Aries (March 21- April 19): I want you to be extra this week. Extra everything. For example, don’t be afraid to really shine. The sun gives zero effs if it blinds you while it shines. Be the sun.
Taurus (April 20-May 20): I see a big move in your future. Not sure if it’s across the country to Delaware or something random like that, or if you’re finally going to figure out how to checkmate an opponent. But it’s coming.
Gemini (May 21-June 20): Now would be a good time to quit your job and go on sabbatical for the winter. But I want you to still do at least one productive-ish thing a day.
Cancer (June 21-July 22): The internet says that the very first ever coronavirus was discovered in July of 1965, making it astrologically a Cancer. What do you have to say for yourself about this?!
Leo (July 23-Aug 22): Bigfoot is the world champion of hide and seek. You are the world champion of instigating arguments in response to imagined slights. Knock it off.
Virgo (Aug 23-Sept 22): No matter what you do, your day will end with you being shot out of a cannon. Godspeed.

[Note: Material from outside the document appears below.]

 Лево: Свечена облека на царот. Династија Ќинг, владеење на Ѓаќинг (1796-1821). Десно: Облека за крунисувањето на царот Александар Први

Libra (Sept 23-Oct 22): You know what I love about you? Your witty sarcasm and impeccable dark humor. You should teach a class.
Scorpio (Oct 23-Nov 21): I know you’ve got big decisions on your mind. How? I’m psychic. But I want you to really sit with your decisions and do all the weighing out before you act. Okay??

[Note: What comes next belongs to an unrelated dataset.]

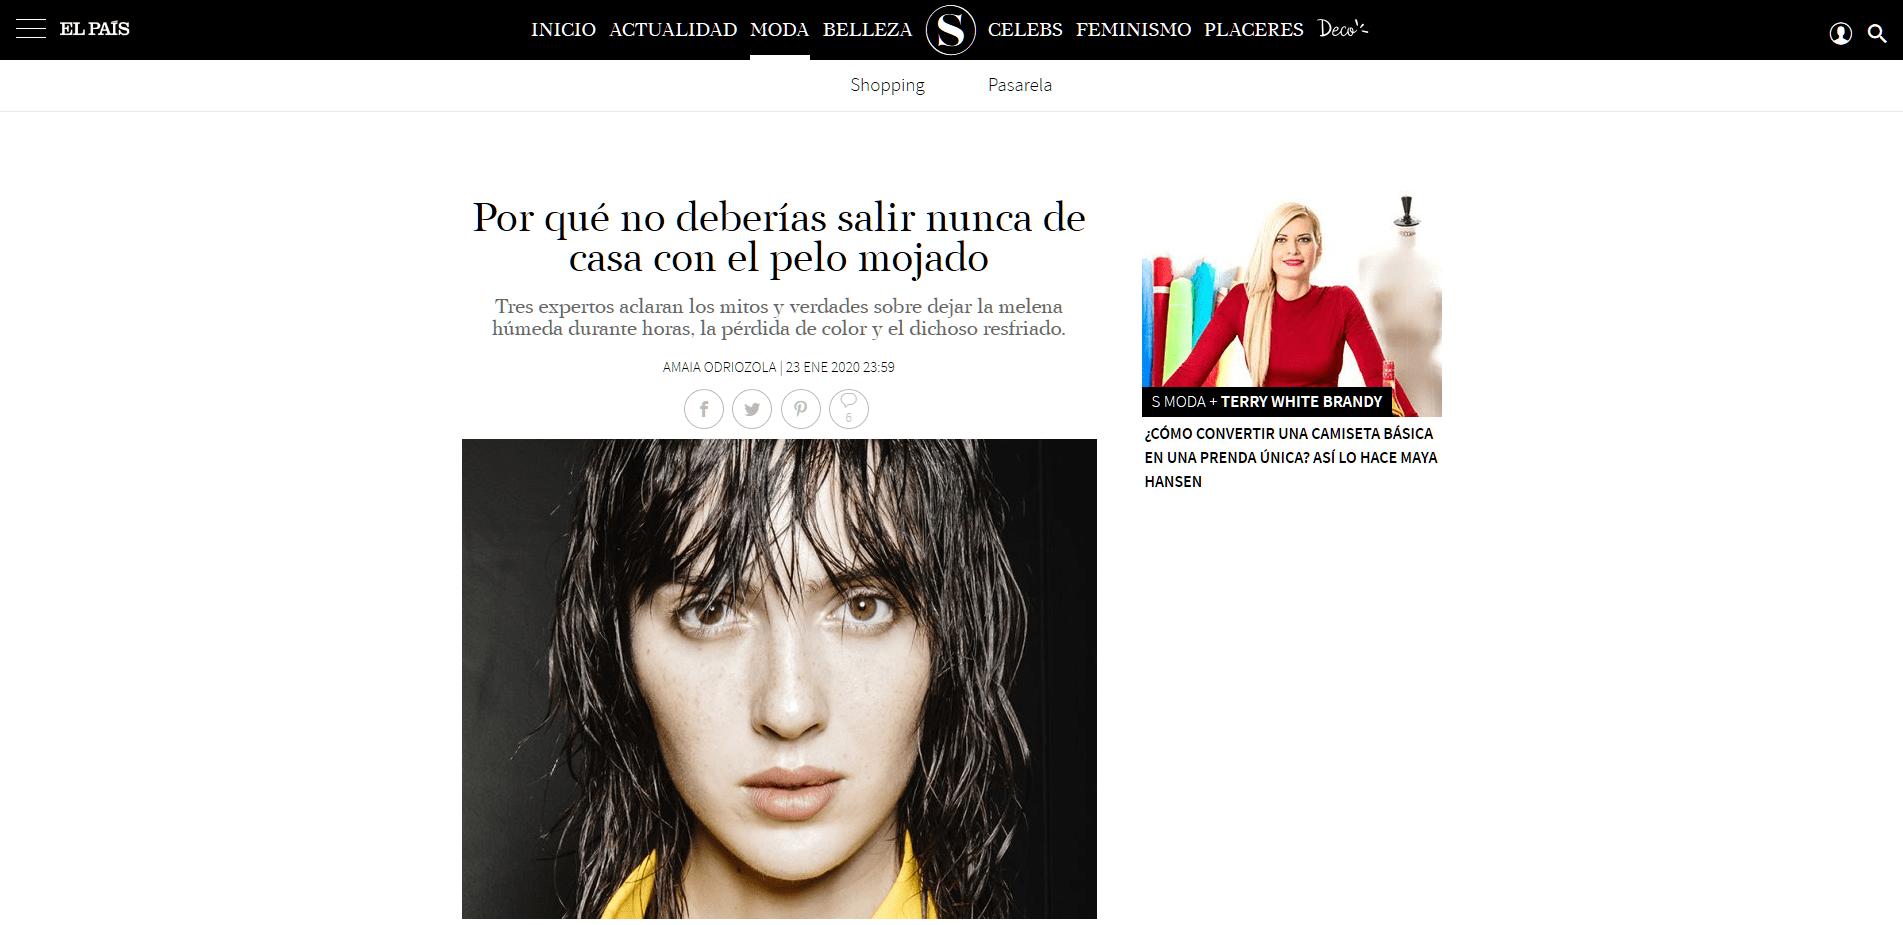 Peluqueria Vigo Sirope Por qué no deberías salir nunca de casa con el pelo mojado S Moda

Sagittarius (Nov 22-Dec 21): Hey Sag...it’s almost your birthday season! Whatcha got in mind for the upcoming year? Keep it mellow, go big, hide from the world, come out to the world? I can’t wait to know what you have in mind.
Capricorn (Dec 22-Jan 19): Remember how I once told you to adopt that wonky looking senior cat from the shelter? Well you haven’t done it yet. What are you waiting for?
Aquarius (Jan 20-Feb 18): Deep Exhale. You’ve had a helluva week. But you made it through! Good job not losing your mind in the process.
Pisces (Feb 19-Mar 20): Listen little fish, it’s going to get worse before it gets better. I’m sorry to be the one to tell you. So buckle up buttercup.